Every line of the listing below must be printed again exactly, apart from its pictures.

SUPPLIED DATA:
=== Begin Enclosure ===
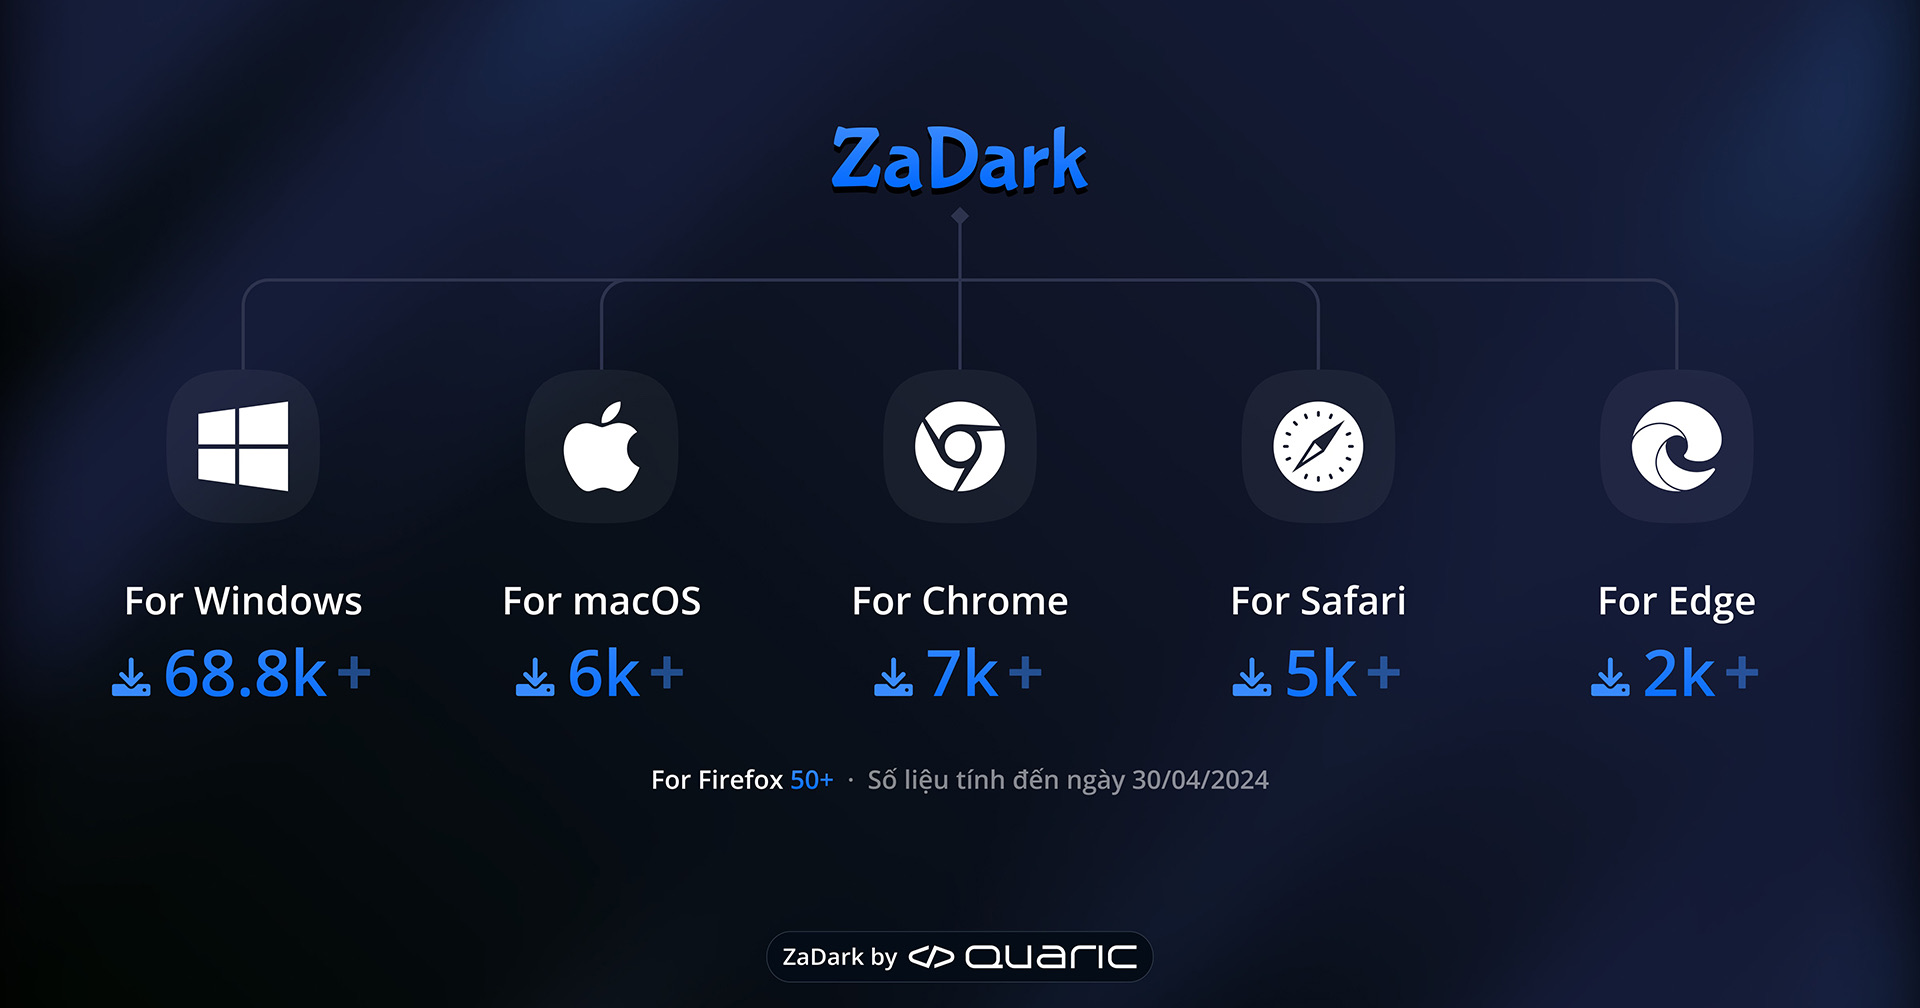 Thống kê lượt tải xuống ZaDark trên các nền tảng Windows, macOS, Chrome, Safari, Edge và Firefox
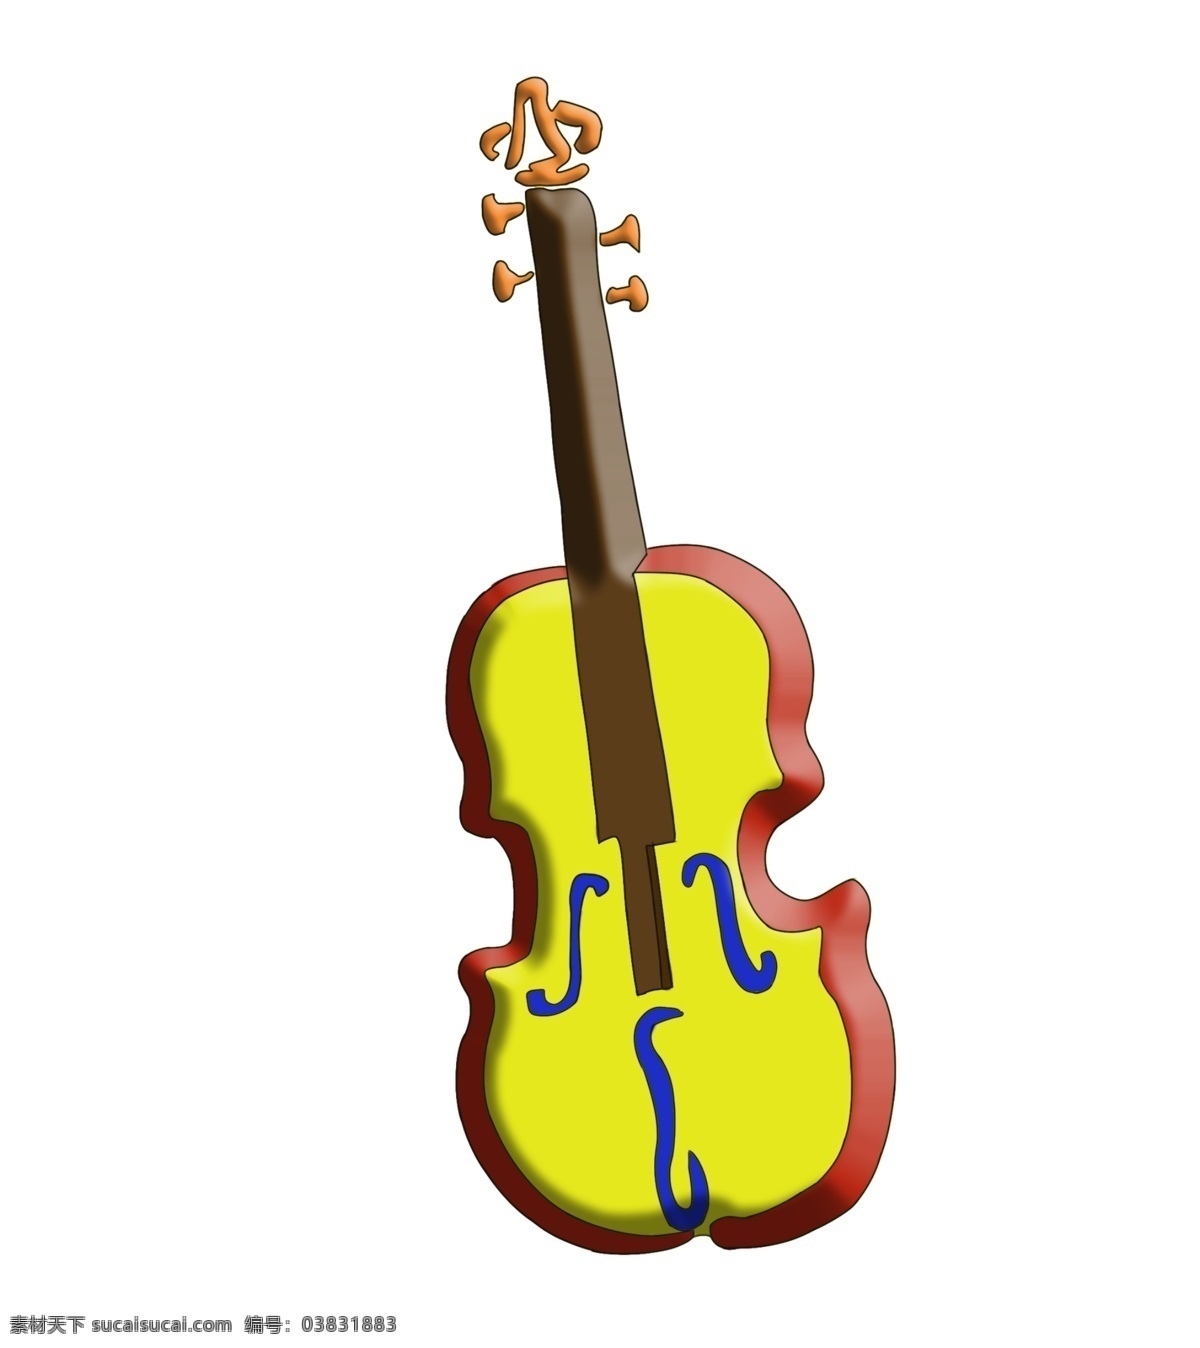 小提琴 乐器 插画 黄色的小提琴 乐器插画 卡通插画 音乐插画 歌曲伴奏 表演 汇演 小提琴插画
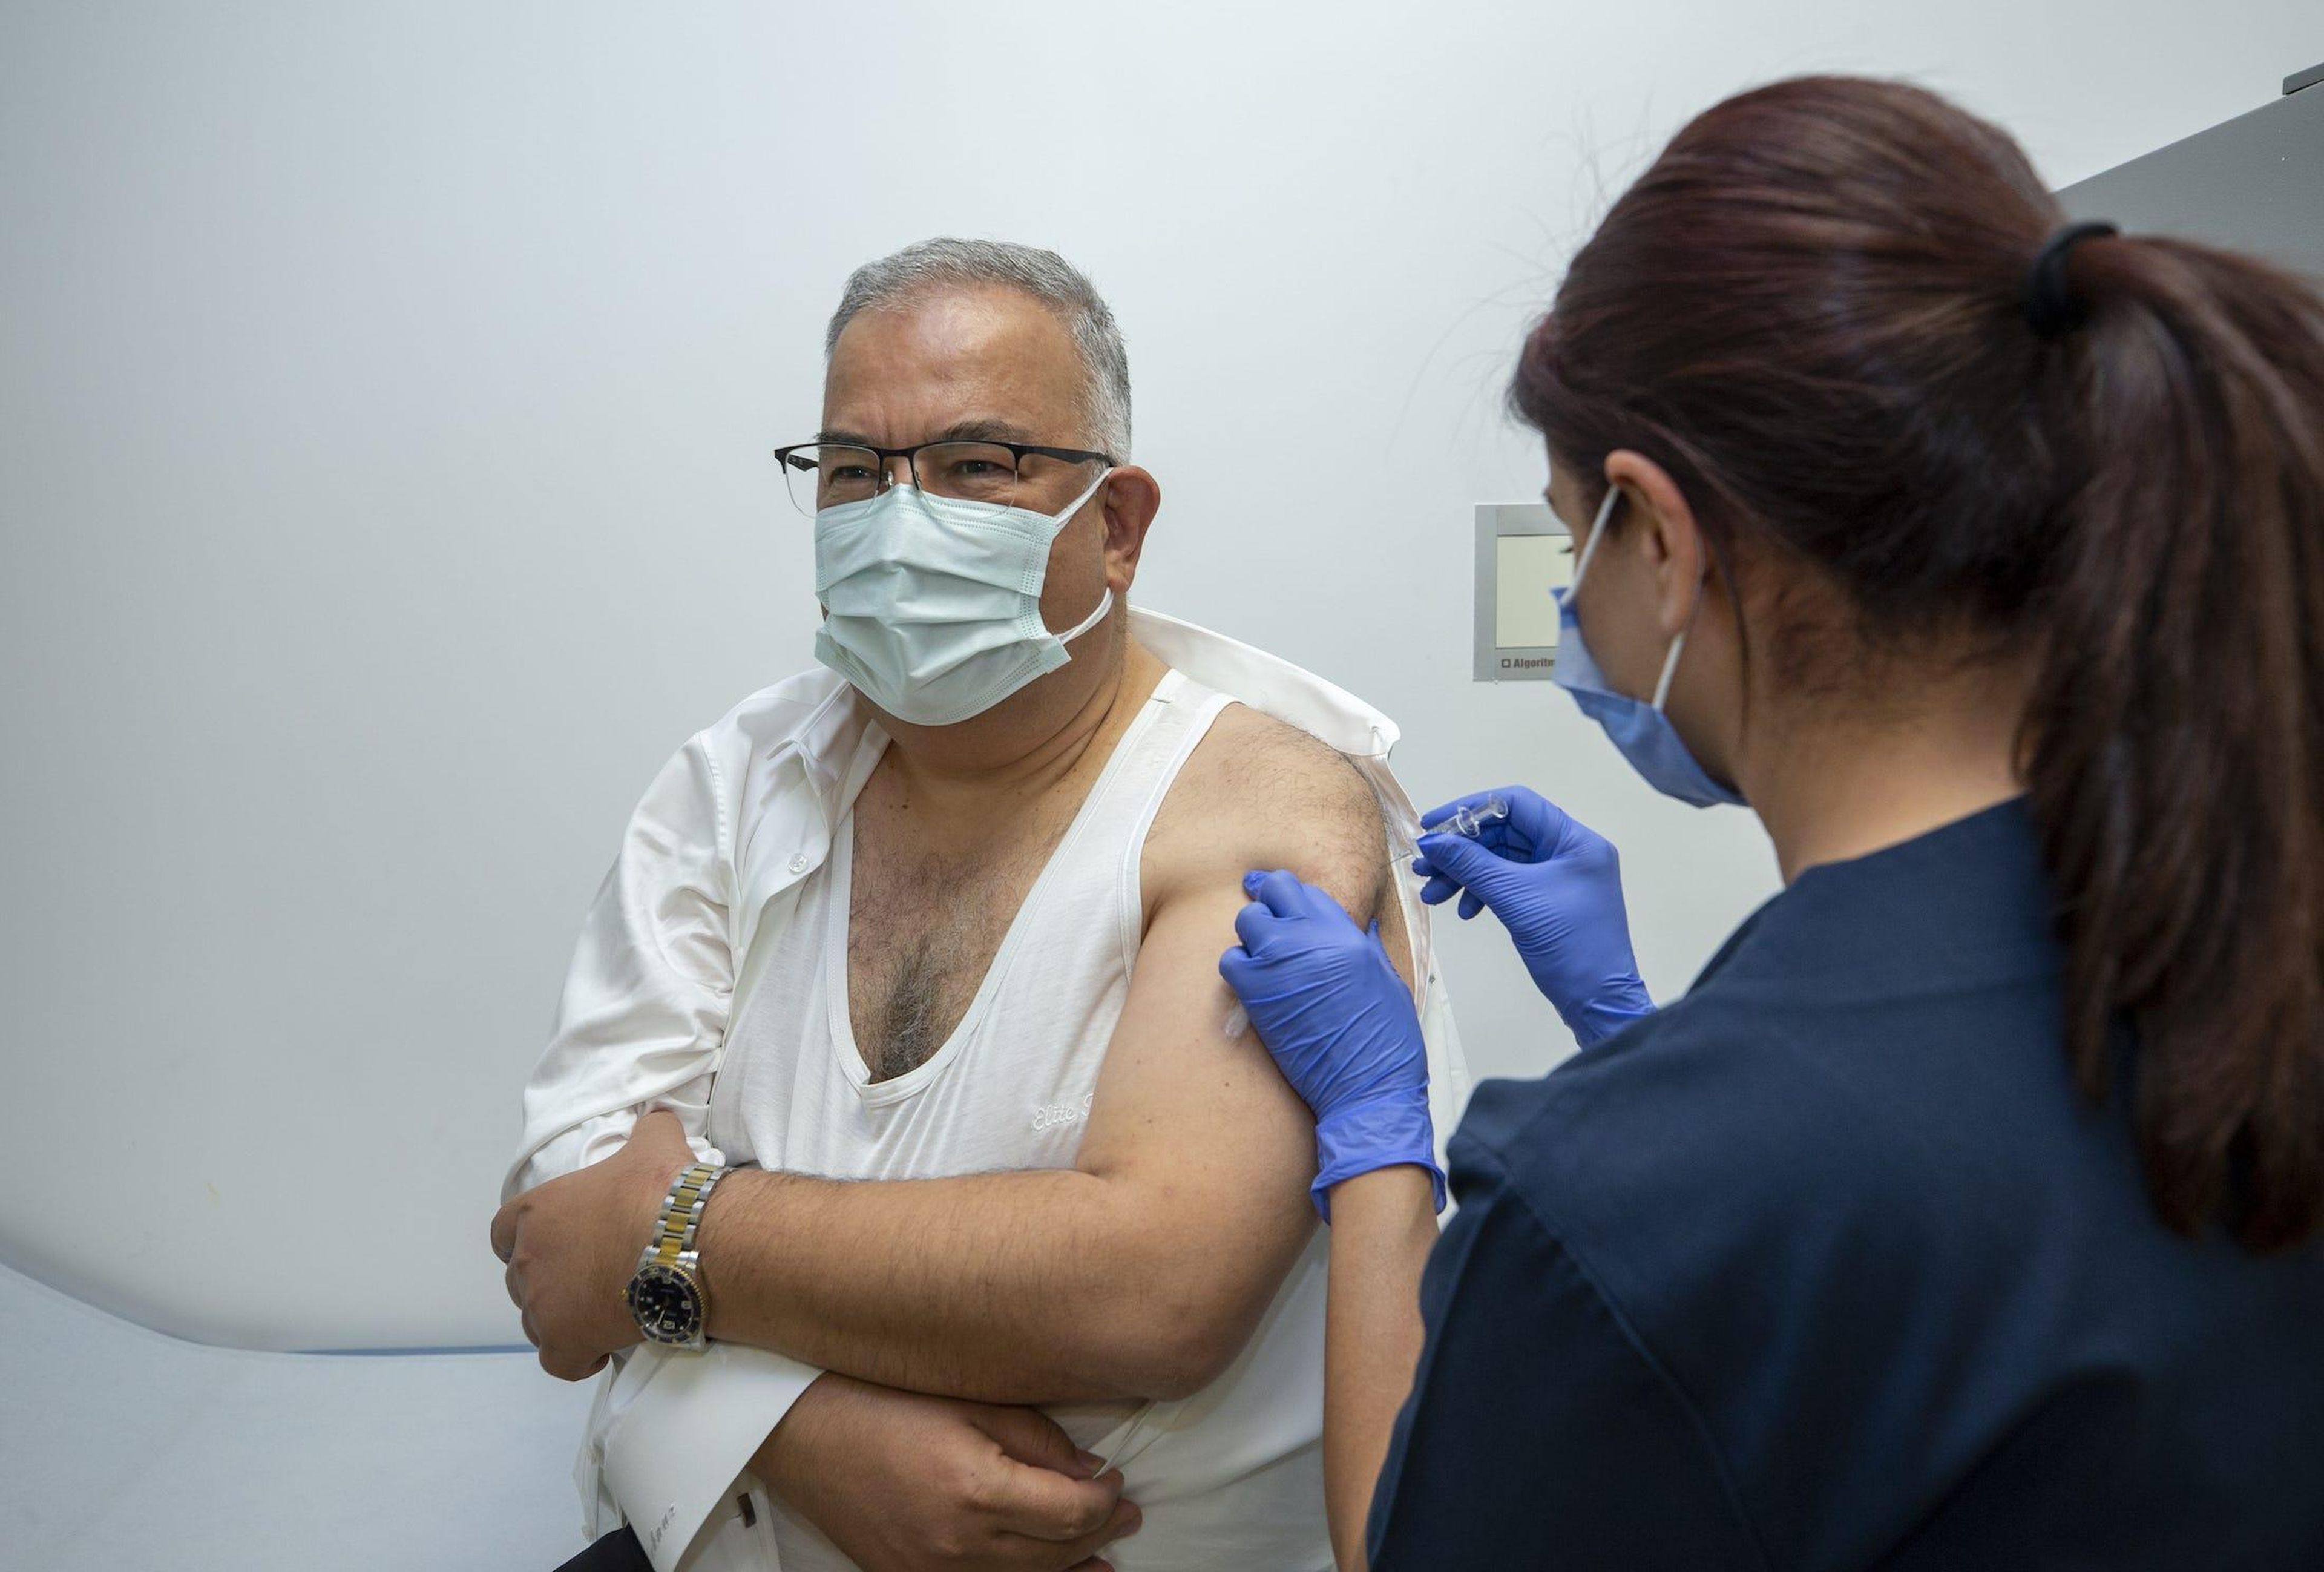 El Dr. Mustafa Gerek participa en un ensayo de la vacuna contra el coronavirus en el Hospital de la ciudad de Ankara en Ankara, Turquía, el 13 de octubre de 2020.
=== End Enclosure ===
SOLUTION TO THIS EXERCISE:
 Thống kê lượt tải xuống ZaDark trên các nền tảng Windows, macOS, Chrome, Safari, Edge và Firefox
 小提琴 乐器 插画 黄色的小提琴 乐器插画 卡通插画 音乐插画 歌曲伴奏 表演 汇演 小提琴插画
 El Dr. Mustafa Gerek participa en un ensayo de la vacuna contra el coronavirus en el Hospital de la ciudad de Ankara en Ankara, Turquía, el 13 de octubre de 2020.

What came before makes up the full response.